Documents METTGENBERG exhibits 1 to 4, submitted by me, prove in detail what was the general sphere of work assigned to my client within Department IV in contrast to his work in the legislative Department III. In my opening speech I have given a detailed account of the import of this work and the status of my client. These assertions have also been confirmed on all points by the evidence. As no administration of justice can omit the regulating of specific procedures, for instance how a death-penalty is to be carried out, so METTGENBERG, in his activity, did nothing in excess of his duties. (Compare, in this connection, statement METTGENBERG relevant to the question of the death-penalty - English transcript page 6252 and following, German page 6072 and following and of the general measures for execution - English transcript page 6261 and following, German page 6078 and following).
As for METTGENBERG's activity with regard to the exercise of pardon - there also he acted only occasionally, when the Department Chief was otherwise engaged -- I can refer to the statements made by me in the Final Plea for my client KLEMM, also with a view to the legal aspect. METTGENBERG's vote did not carry any weight at all with Minister THIERACK (compare statement METTGENBERG, English transcript page 6260, German page 6078). The additional exhibit 625 introduced by the Prosecution as rebuttal--evidence is of no importance.
The points discussed in this document were occasioned by the outbreak of the war. They remained in the stage of drafts.
As Dr. Kubuschok already stated in behalf of the defendant, Schlegelberger, in connection with this point the application of this clemency question was in effect only for a few weeks during the Polish campaign.
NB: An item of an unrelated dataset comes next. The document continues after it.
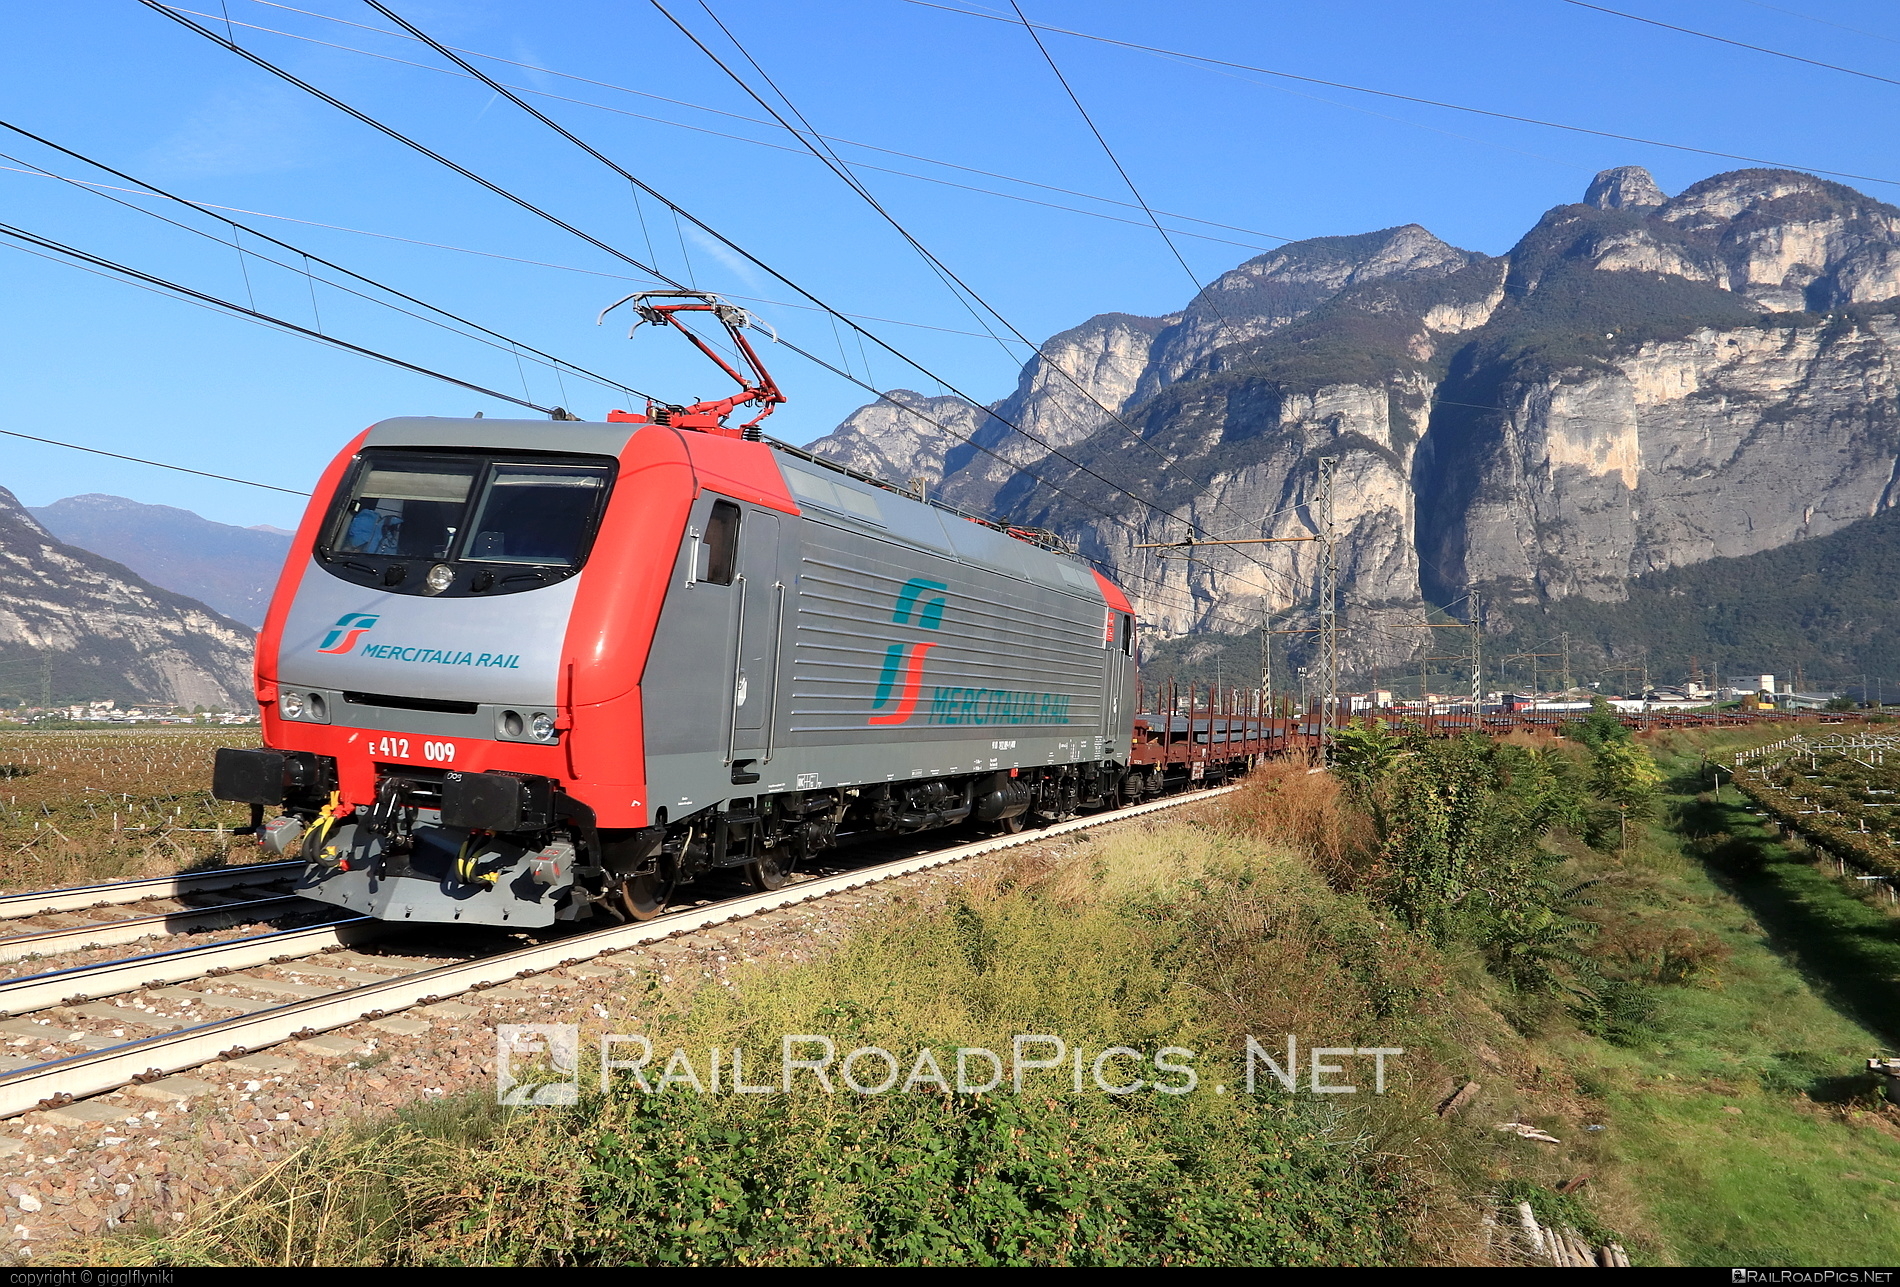 FS Class E.412 - E412 009 operated by Mercitalia Rail S.r.l. #e412 #ferroviedellostato #flatwagon #fs #fsClassE412 #fsitaliane #mercitalia

Mettgenberg's collaboration in the deliberation of other offices at this time cannot be ascertained from this document. But since they never attained the point of becoming laws, nobody can have been affected hereby either favorably or detrimentally. Moreover, inasmuch as Dr. Mettgenberg acted in lieu of his Department Chief on the occasion of the unfortunate events at the Ploetzensee prison, no evidence has proved a causative assistance nor, over and above this, any real guilt. During his examination in the witness-stand, Dr. Mettgenberg has been enabled to give his opinion on all details (English transcript, page 6257, German, page 6075, and English transcript, 6325, and following, German 6134 and following;) all possibly remaining questions of doubt having been clarified by the witness, Hartmann (English transcript, page 9013, German, page 8634.). Also how far Mettgenberg had participated in the measures for the control of jurisdiction - again in each single case only in place of the Department Chief - the facts have clearly been proved that no illegality was either intended or attained Here, too, in alluding to exhibits 541 and 542, I can refer to Mettgenberg's statements (English transcript, page 6328 and following, German 6138 and following and English transcript, 6357, German page 6166) and to the relevant arguments in my final plea for my client, Klemm.
I need not refer here to further details dealing with this activity of Mettgenberg. He, personally, had an opportunity, in the witness-stand, of expressing an exhaustive opinion on each document in question. Only one point I must stress here, that being the question whether the credibility of Dr. Mettgenberg's testimony as a whole can possibly have suffered as a result of the statement made by the witness, Suchomel, in his exhibit 543. Suchomel said he had received a report by Mettgenberg on a journey made to Mauthausen with his department chief. Mettgenberg has affirmed under oath that he was never in the concentration camp, Mauthausen.